Литвинов еще не успел отдохнуть после перелета, глаза у него воспалены, сердце покалывает. Но он, как всегда, собран, сосредоточен и думает только о том, чтобы как можно яснее довести до сознания американцев, что война подошла также к их берегам и вести ее придется сообща. Эту мысль он делает центральной, говорит о «страшной опасности, которую для всех наций представляет осуществление нацистской Германией заранее разработанной Гитлером преступной программы уничтожения политической и экономической независимости всех стран и порабощения всех народов».
Да, именно всех народов. Пусть никто не думает, что удастся остаться в стороне. Литвинов подчеркивает, что самые тяжкие удары и самые тяжкие жертвы в этой войне выпали на долю Советского Союза, дает оценку силам, напавшим на Америку, говорит, что они порождены той же идеологией фашизма.
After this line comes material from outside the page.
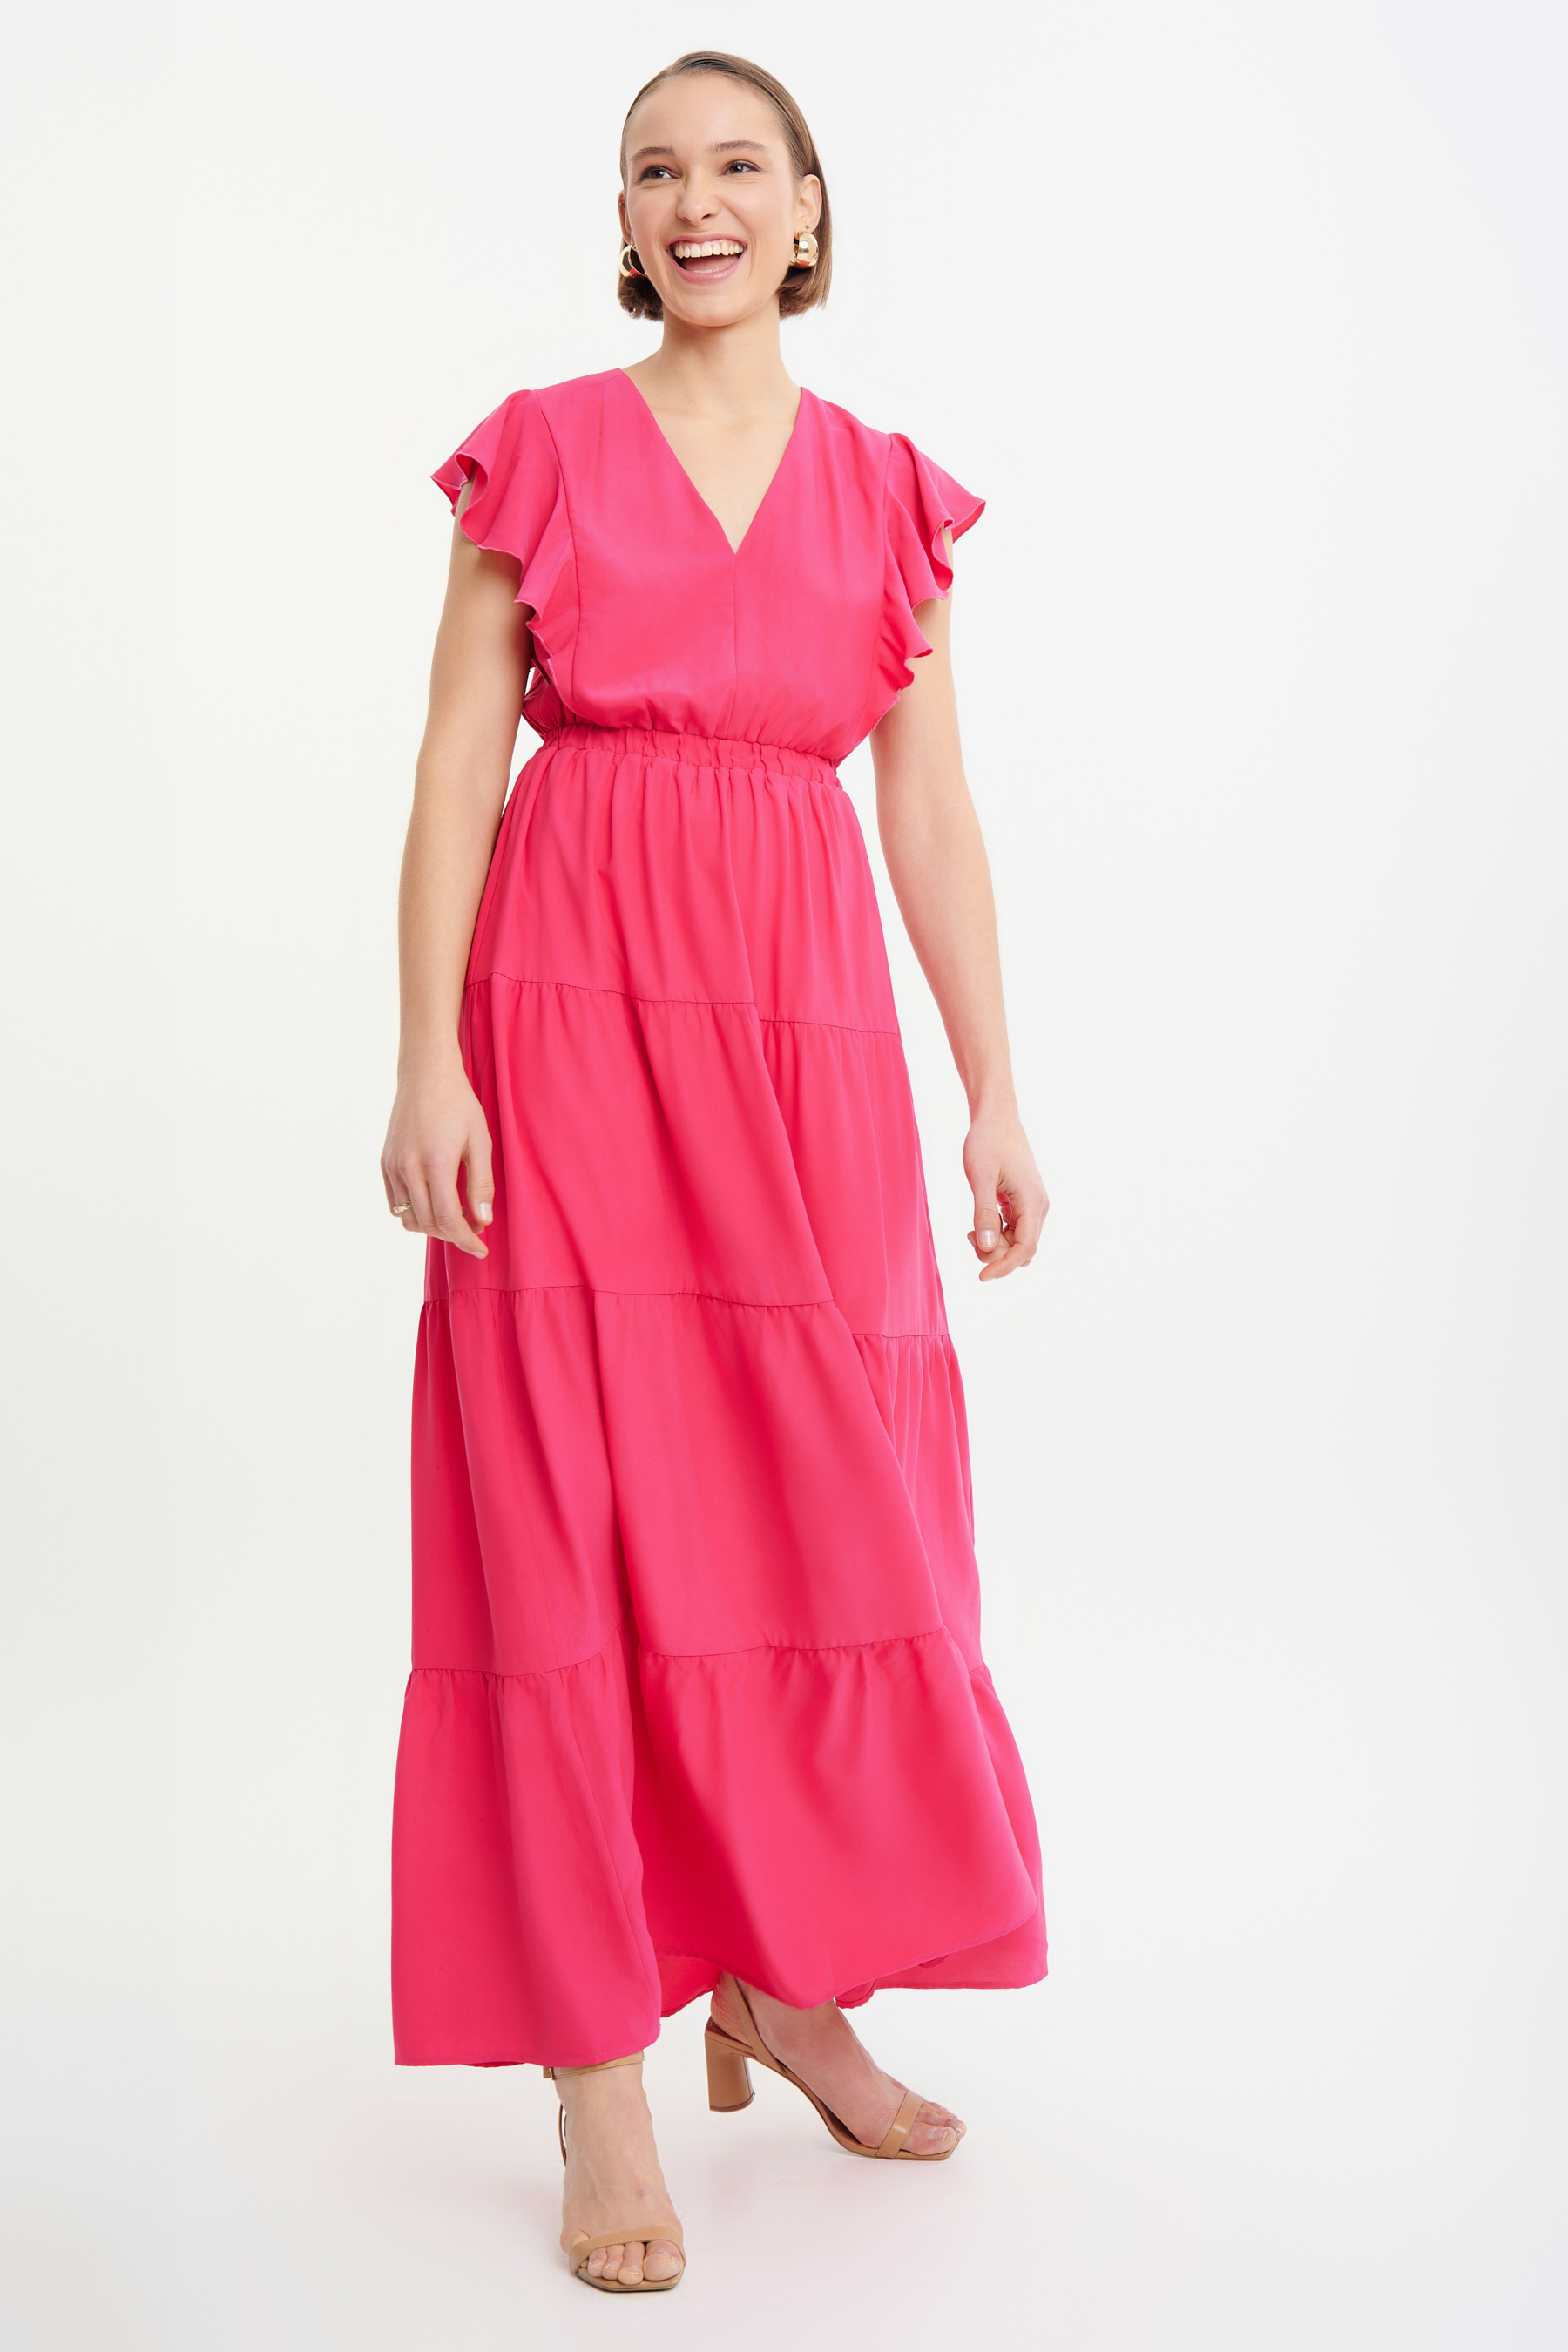 Różowa sukienka maxi z falbaną

Литвинов закончил свою речь. Рузвельт улыбается. Да, он доволен. Теперь очередь президента. Он сразу скажет, что думает о советском дипломате. С этого и начнет свою речь: «Мне представляется исключительно удачным, что в эти трагические дни, когда сохранение взаимопонимания и доверия между нашими двумя странами имеет столь жизненное значение не только для них самих, но также и для будущего всего человечества, Советское правительство сочло уместным послать в качестве своего представителя в Соединенные Штаты государственного деятеля, который уже занимал такой выдающийся пост в своей стране».
Рузвельт подчеркивает, что Литвинов приступает к исполнению своих обязанностей в день, который будет иметь великое историческое значение, заявляет, что Америка будет воевать с Германией.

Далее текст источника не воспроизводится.